Vedolizumab, currently widely used in clinical practice, has demonstrated substantial efficacy and a favorable safety profile in the treatment of IBD by selectively targeting the α4β7 integrin-MAdCAM-1 pathway. Nevertheless, adhesion molecule pathways remain a focus of ongoing therapeutic development. Several emerging agents, such as natalizumab (targeting the α4 integrin subunit), etrolizumab (targeting the β7 integrin subunit), alicaforsen (inhibiting the activity of ICAM-1) and direct MAdCAM-1 inhibitors, are under investigation for their potential to further modulate leukocyte trafficking and improve clinical outcomes (77, 78). In this context, studies exploring the role of soluble adhesion molecules as biomarkers of endothelial activity and treatment response are of growing importance and may provide valuable tools for therapeutic monitoring and disease stratification.
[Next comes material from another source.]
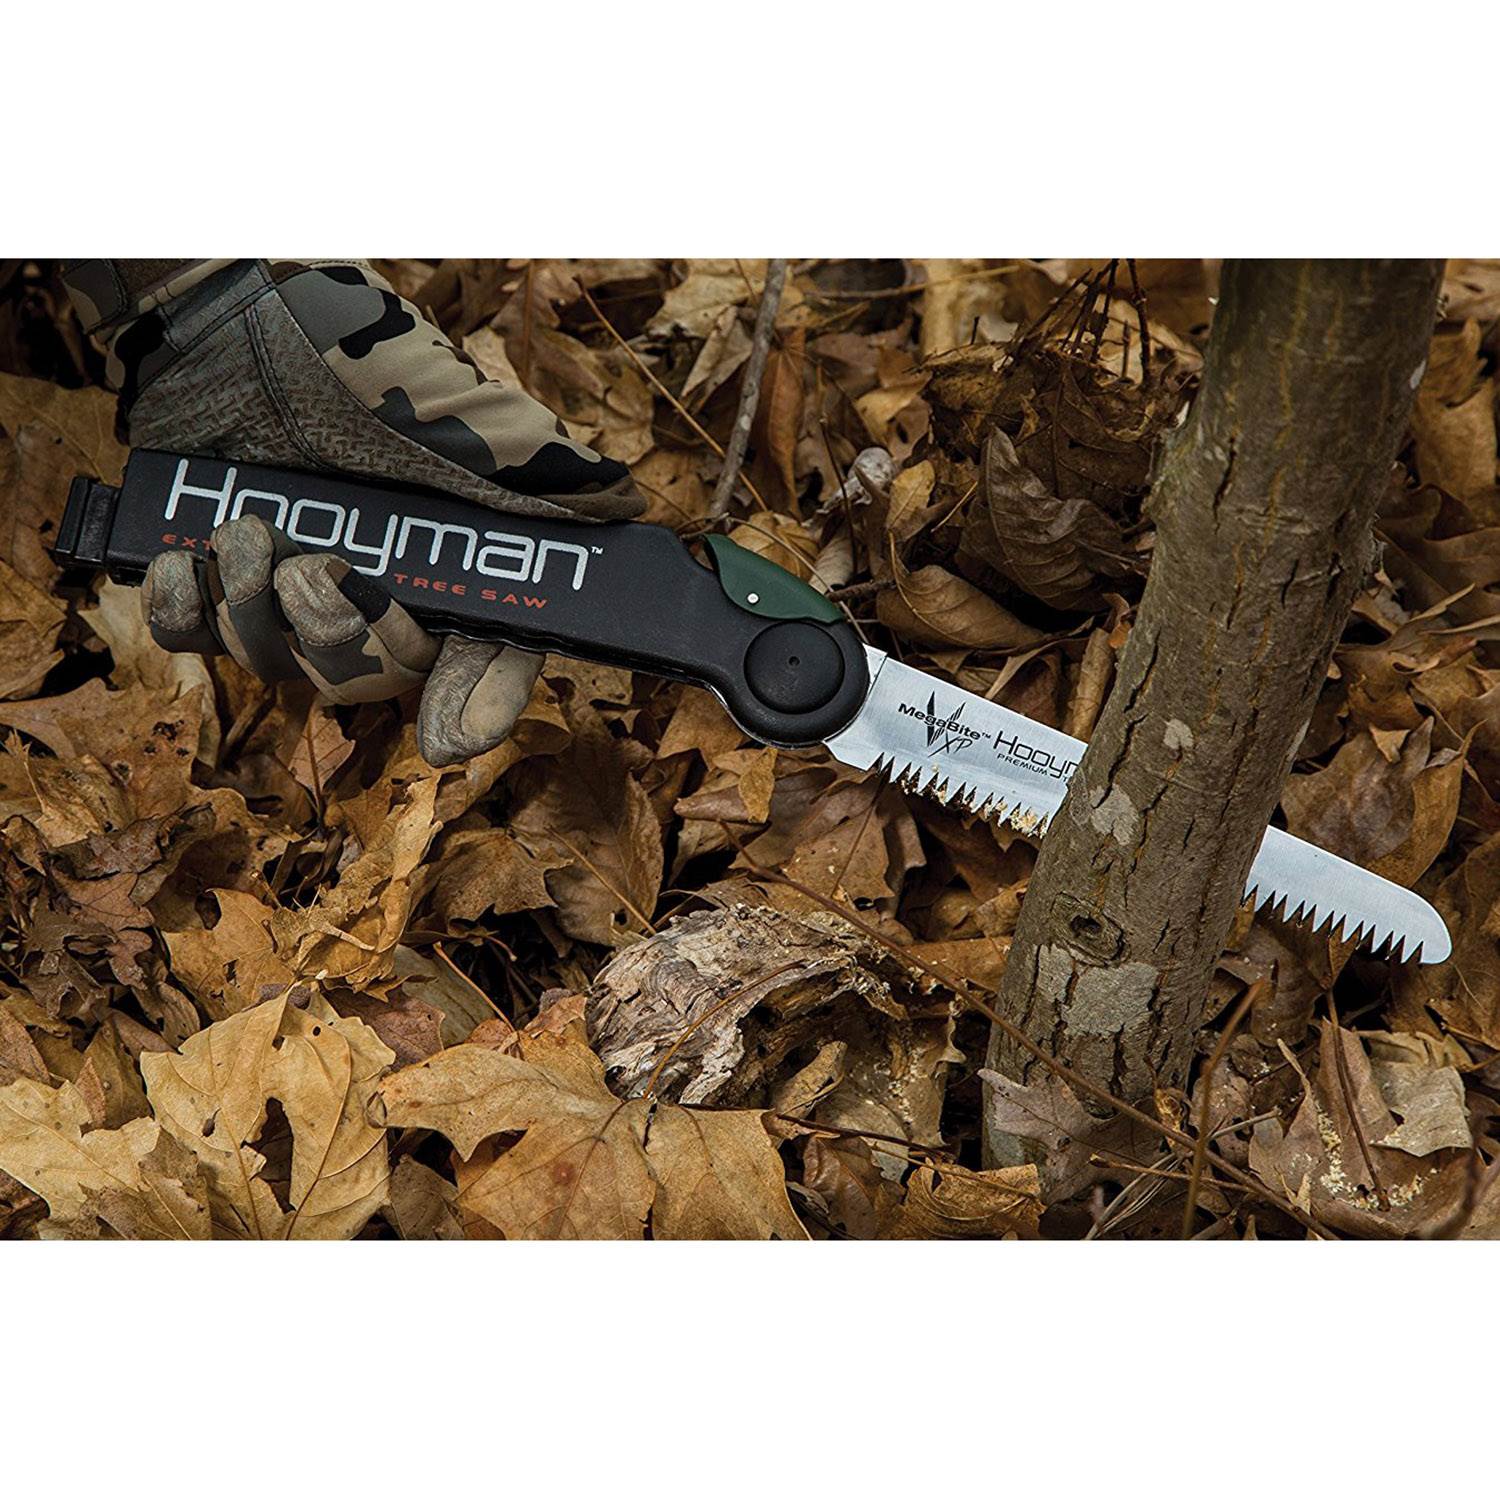 Hooyman 655226 Foot Extendable Tree Saw with Wrist Lanyard and Sling for  Cutting Trimming Hunting and Camping Walmart Canada
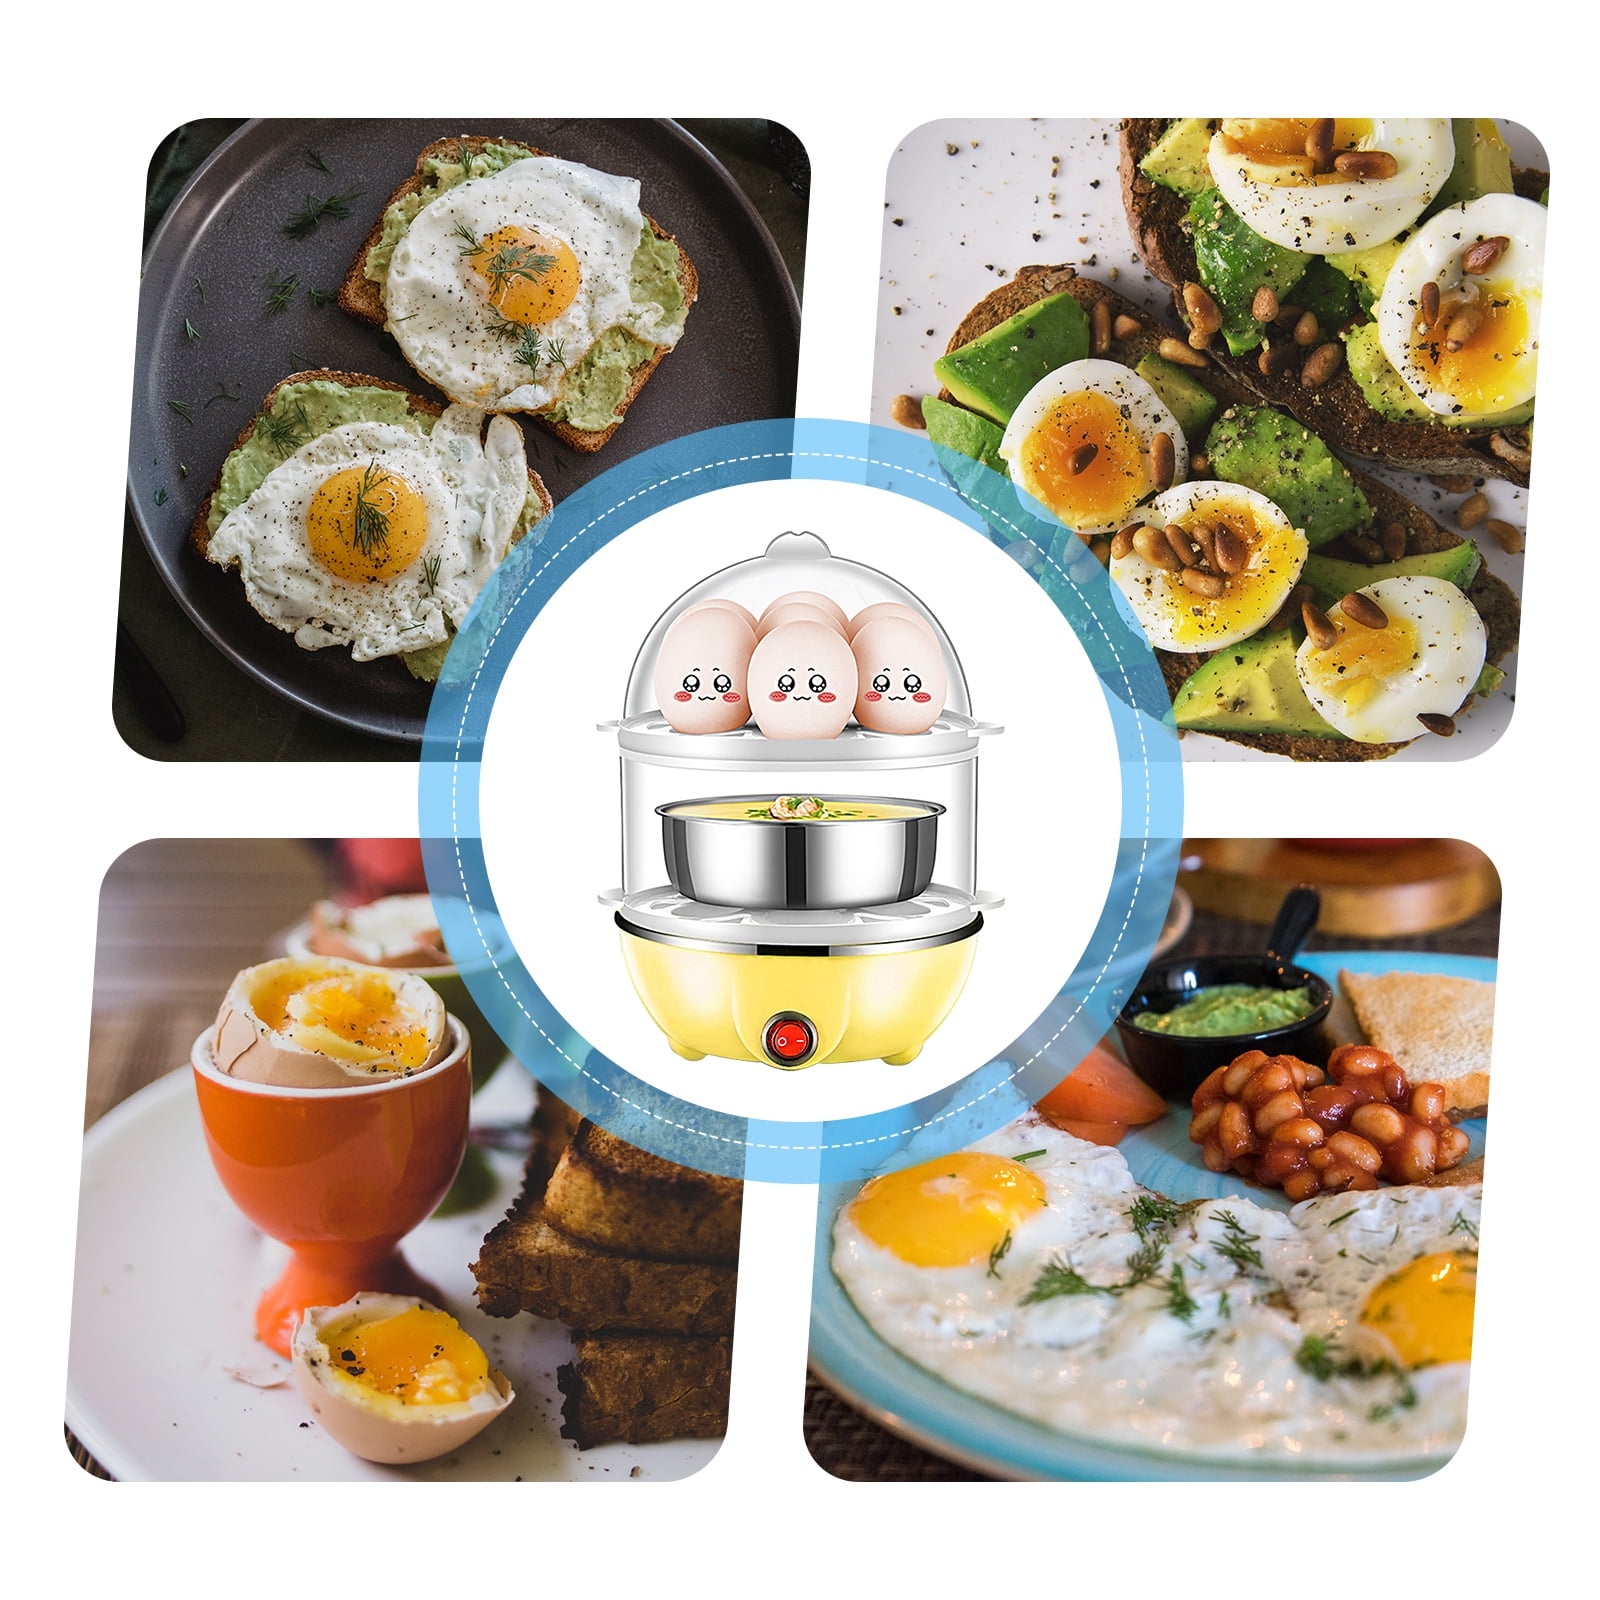 Egg Cooker Rapid Poacher Maker UP TO 14 Eggs Capacity Electric Large Egg  Boiler for Hard Boiled Eggs with Auto Shut Off Double/Single Stack Cool

4.1 Strengths and limitations

The main strength of our study was the evaluation of multiple adhesion molecules and the comparison of their concentrations not only between patients and healthy controls, but also across different types of IBD and disease activity states. Another strength was the use of subgroup analyses, as well as the application of the trim-and-fill method when appropriate and feasible, to identify potential missing studies.

Nevertheless, several important limitations should be acknowledged. First and foremost, only a small number of eligible studies were identified, most of which included relatively small sample sizes.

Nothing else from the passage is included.